February 29, 2012 Posted by | Ethics, Health Care | , , , , , , , , , | 2 Comments

With Newt in Virginia


Cover of "With Lee In Virginia: A Story O...

Cover via Amazon

In response to Newt Gingrich‘s allusion to Pearl Harbor as a parallel to his campaign failure in Virginia, I offer the preface to a book called “With Lee in Virginia (A story of the American civil war)”, written by G. A. Henty. Published by Hurst and Company, New York, it does not identify a publication date or claim a copyright. The inscription indicates that this copy has been in the family since January, 1901. Antiques Roadshow type stuff. It doesn’t look anything like the cover from Amazon.

I found Gingrich’s comparison to an infamous attack to be arrogantly dismissive of the tragedy and horror of war. His scapegoating was an insult to the courage and sacrifice of our citizen soldiers and their families, as well as a testament to the empty rhetoric of “personal responsibility” that is fundamental to the conservative desire to re-engineer America. He also demonstrated ignorance of relevant laws and outright contempt for rules that hinder his agenda in any way.

His failure in Virginia, and his response to it demonstrate conclusively that he should only enter the White House with a visitor’s pass and a Secret Service escort.

On a more personal note, I have called the present ideological battles a political civil war. I thought it would be appropriate to momentarily revisit that point in our history.

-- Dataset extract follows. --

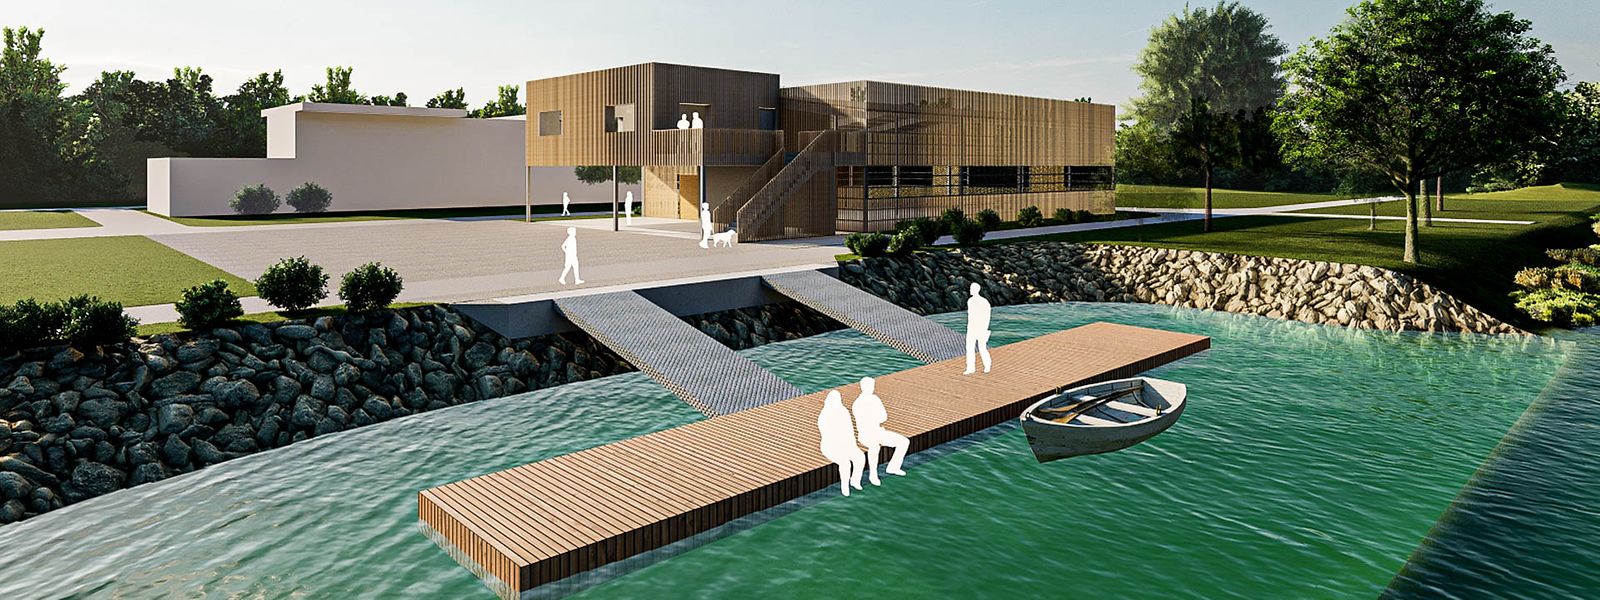 Das nationale Rudersportzentrum soll in der Nähe der Hafenmeisterei entstehen und über einen Ponton zum Einstieg in die Boote verfügen.

Yes, it really is all one paragraph in the book…

“My Dear Lads:
The Great War between the Northern and Southern States of America possesses a peculiar interest to us, not only because it was a struggle between two sections of a people akin to us in race and language, but because of the heroic courage with which the weaker party, with ill-fed, ill-clad, ill-equipped regiments, for four years sustained the contest with an adversary not only possessed of immense numerical superiority, but having the command of the sea, and being able to draw its arms and munitions of war from all the manufactories of Europe. Authorities still differ as to the rights of the case. The Confederates firmly believed that the States, having voluntarily united, retained the right of withdrawing from the Union when they considered it for their advantage to do so. The Northerners took the opposite point of view, and an appeal to arms became inevitable. During the first two years of the war the struggle was conducted without inflicting unnecessary hardship upon the general population. But later on the character of the war changed, and the Federal armies carried widespread destruction wherever they marched. Upon the other hand, the moment the struggle was over the conduct of the conquerors was marked by a clemency and generosity altogether unexampled in history, a complete amnesty being granted, and none, whether soldiers or civilians, being made to suffer for their share in the rebellion. The credit of this magnanimous conduct was to a great extent due to Generals Grant and Sherman, the former of whom took upon himself the responsibility granting terms which, although they were finally ratified by his government, were at the time received with anger and indignation in the North. It was impossible, in the course of a single volume, to give even a sketch of the numerous and complicated operations of the war, and I have therefore confined myself to the central point of the great struggle – the attempts of the Northern armies to force their way to Richmond, the capital of Virginia and the heart of the Confederacy. Even in recounting the leading events in these campaigns, I have burdened my story with as few details as possible, it being my object now, as always, to amuse, as well as to give instruction in the facts of history.
Yours sincerely,
G. A. Henty.”

As a bonus for those who were curious enough to slog through this post, I shall include an excerpt from the last page of the book (covering reconstruction):

“For the next three or four years times were very hard in Virginia, and Mrs. Wingfield had to draw upon her savings to keep up the house in its former state; while the great majority of the planters were utterly ruined. The negroes, however, for the most part remained steadily working on the estate. A few wandered away, but their places were easily filled; for the majority of the freed slaves very soon discovered that their lot was a far harder one than it had been before, and that freedom so suddenly given was a curse rather than a blessing to them.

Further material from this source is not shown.